# EXERCISE
Within the entries below, please return exactly the lines from the one with "EKTORP Armchair Lofallet beige - IKEA" through the one with "Dr. Thomas Carroll", leaving out any pictures.

# DATA PROVIDED

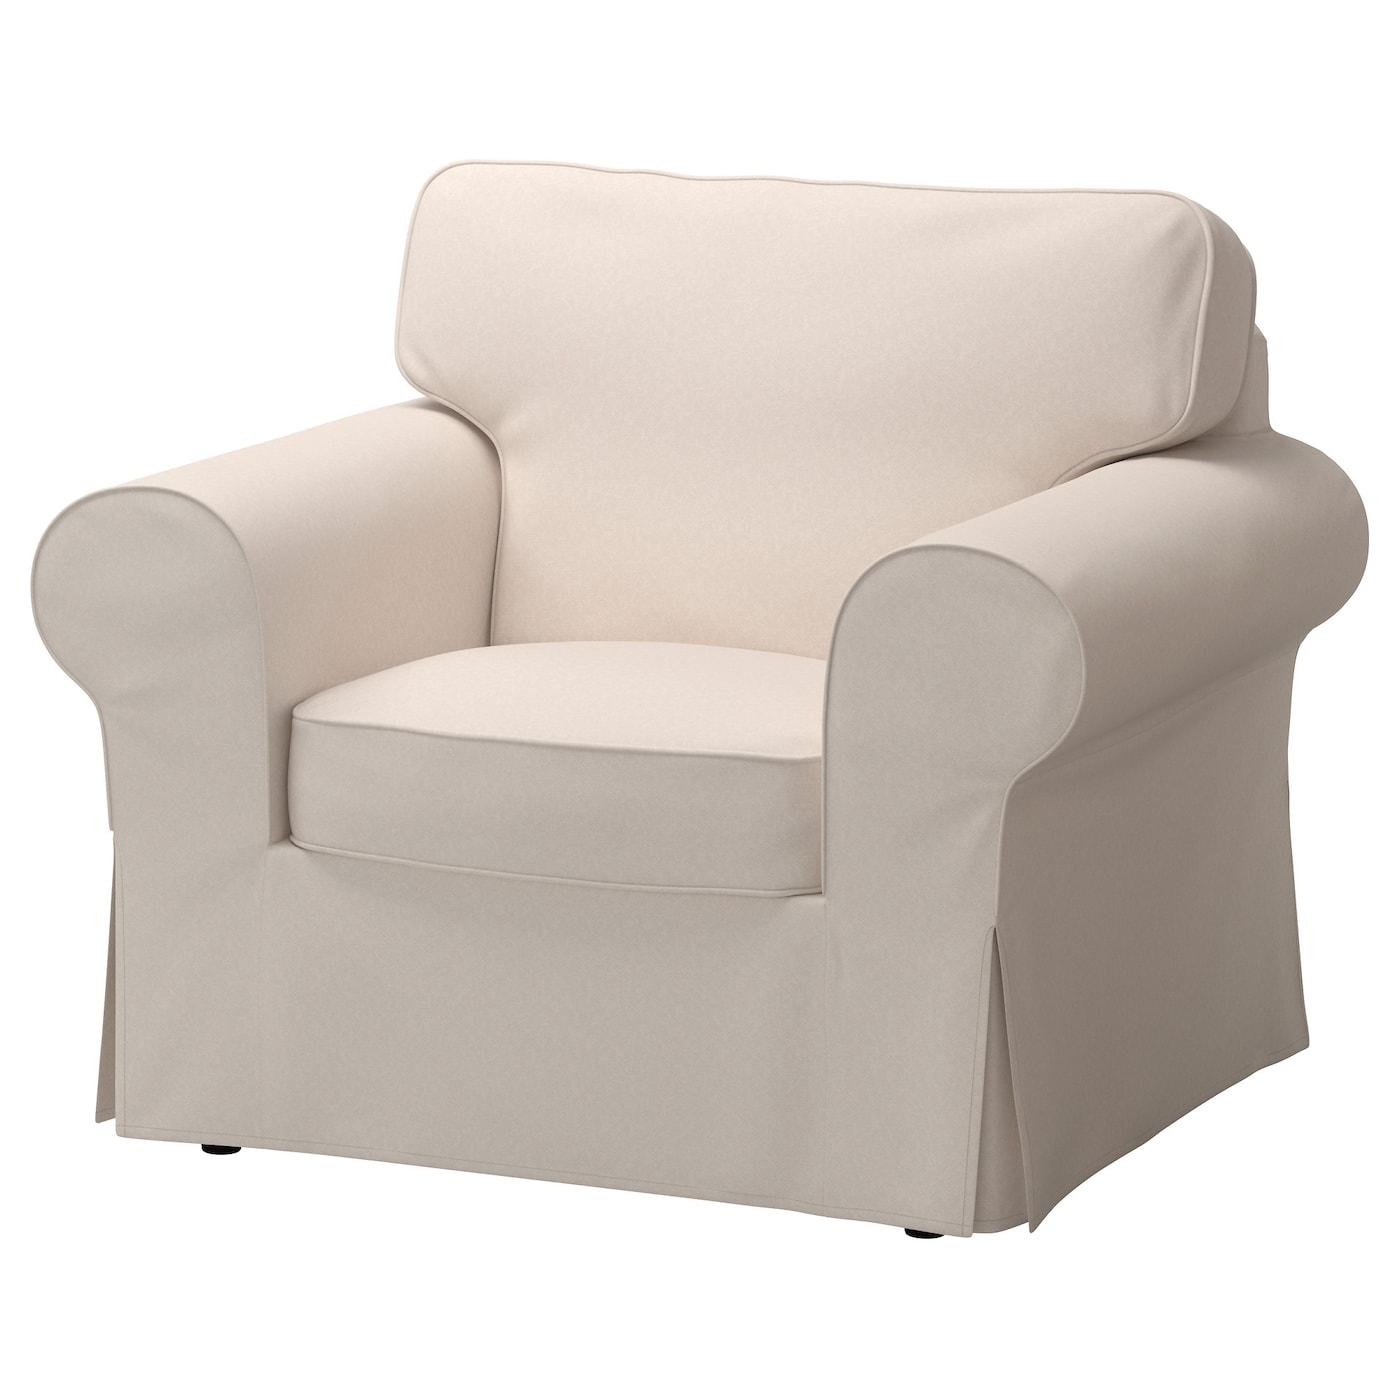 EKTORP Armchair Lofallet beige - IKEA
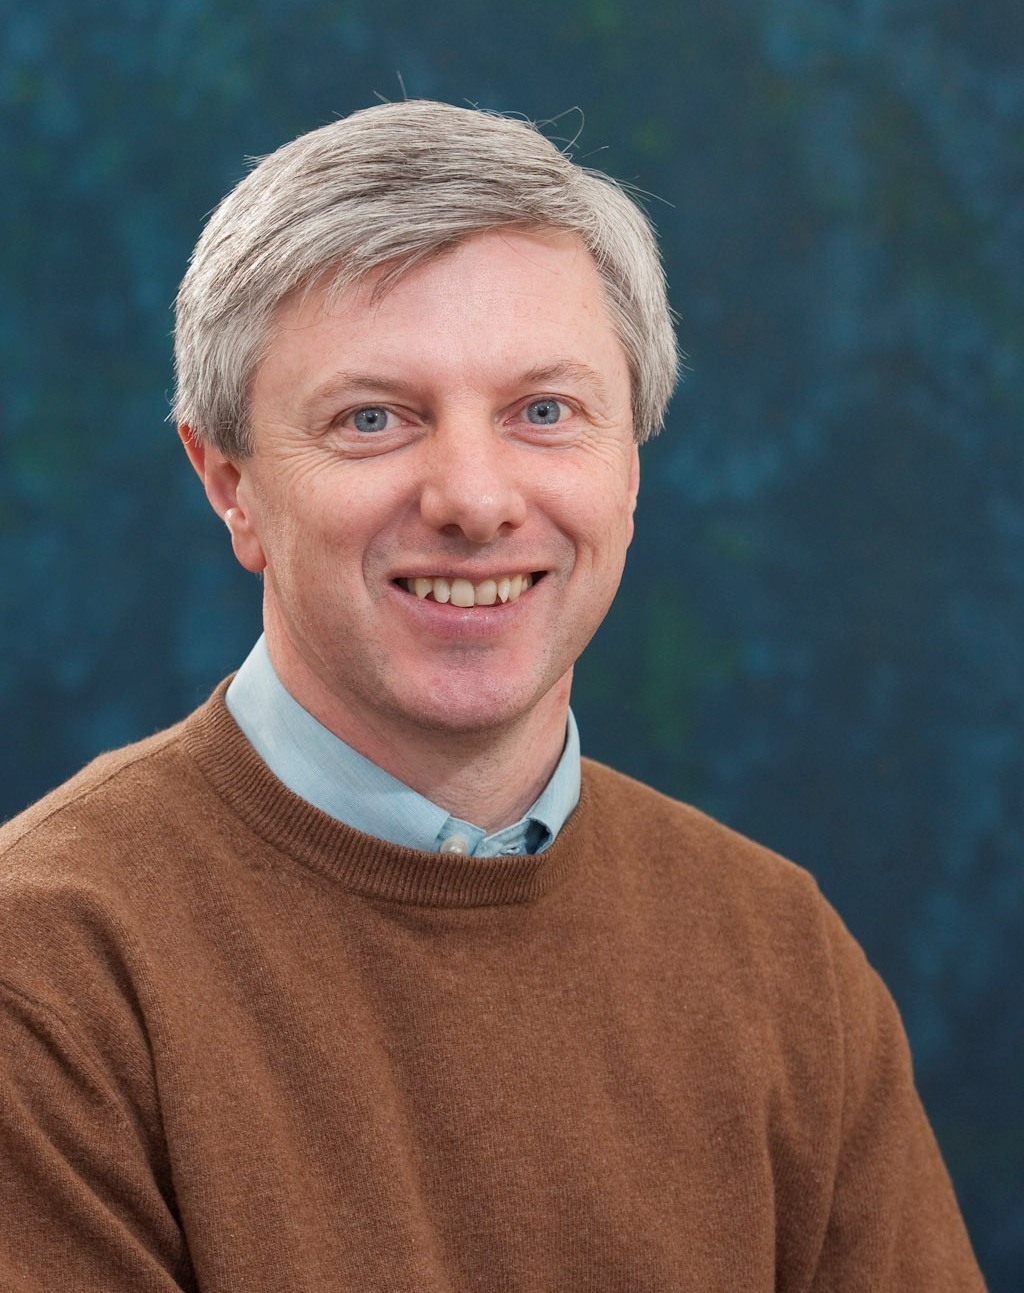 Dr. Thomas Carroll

...

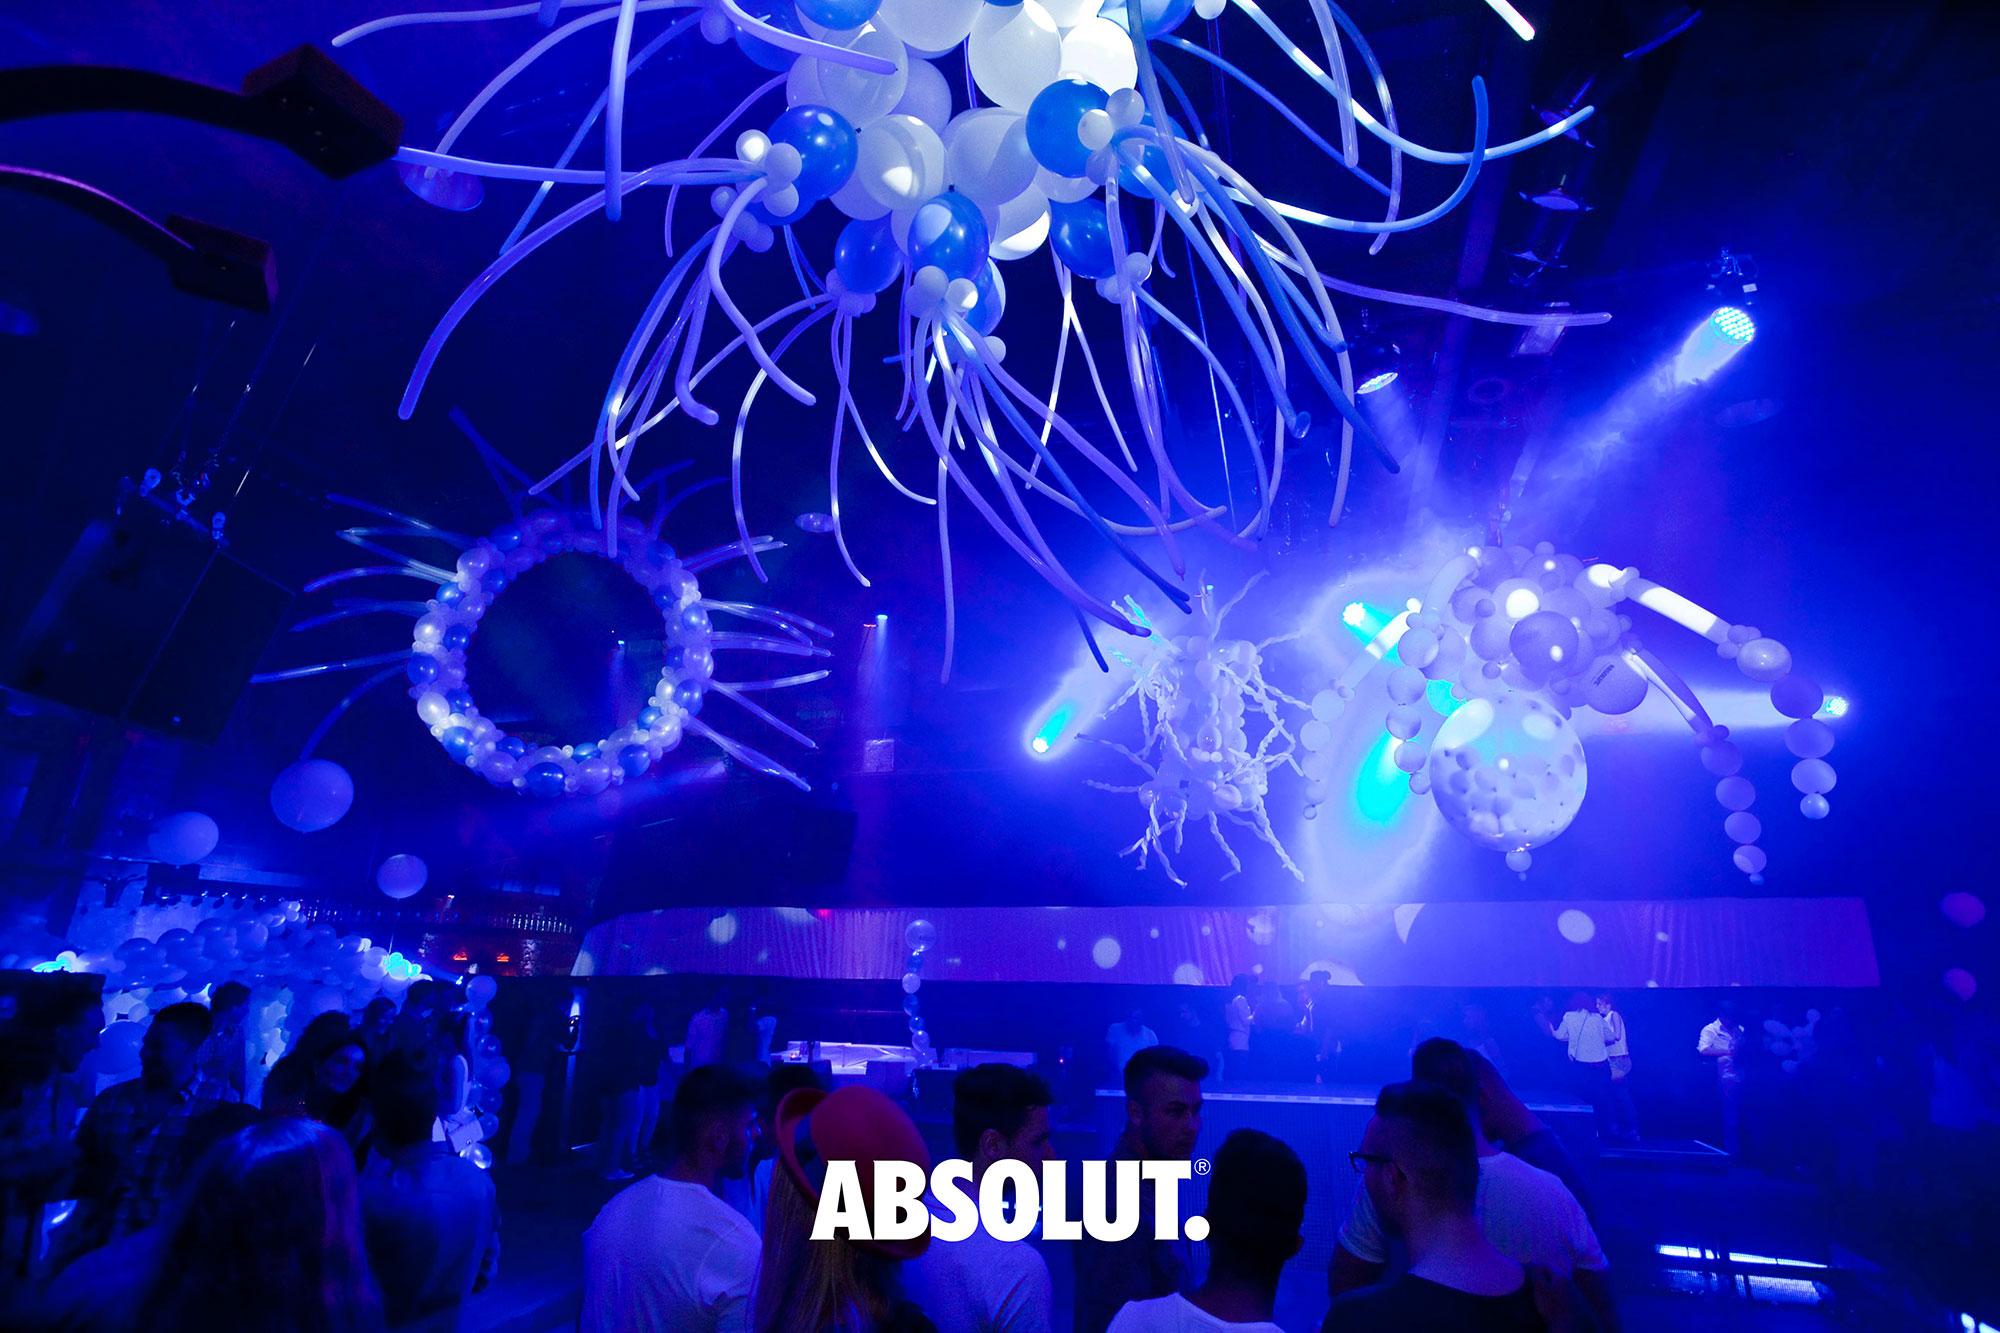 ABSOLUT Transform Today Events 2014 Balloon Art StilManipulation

# COMPLETED TASK
 EKTORP Armchair Lofallet beige - IKEA
 Dr. Thomas Carroll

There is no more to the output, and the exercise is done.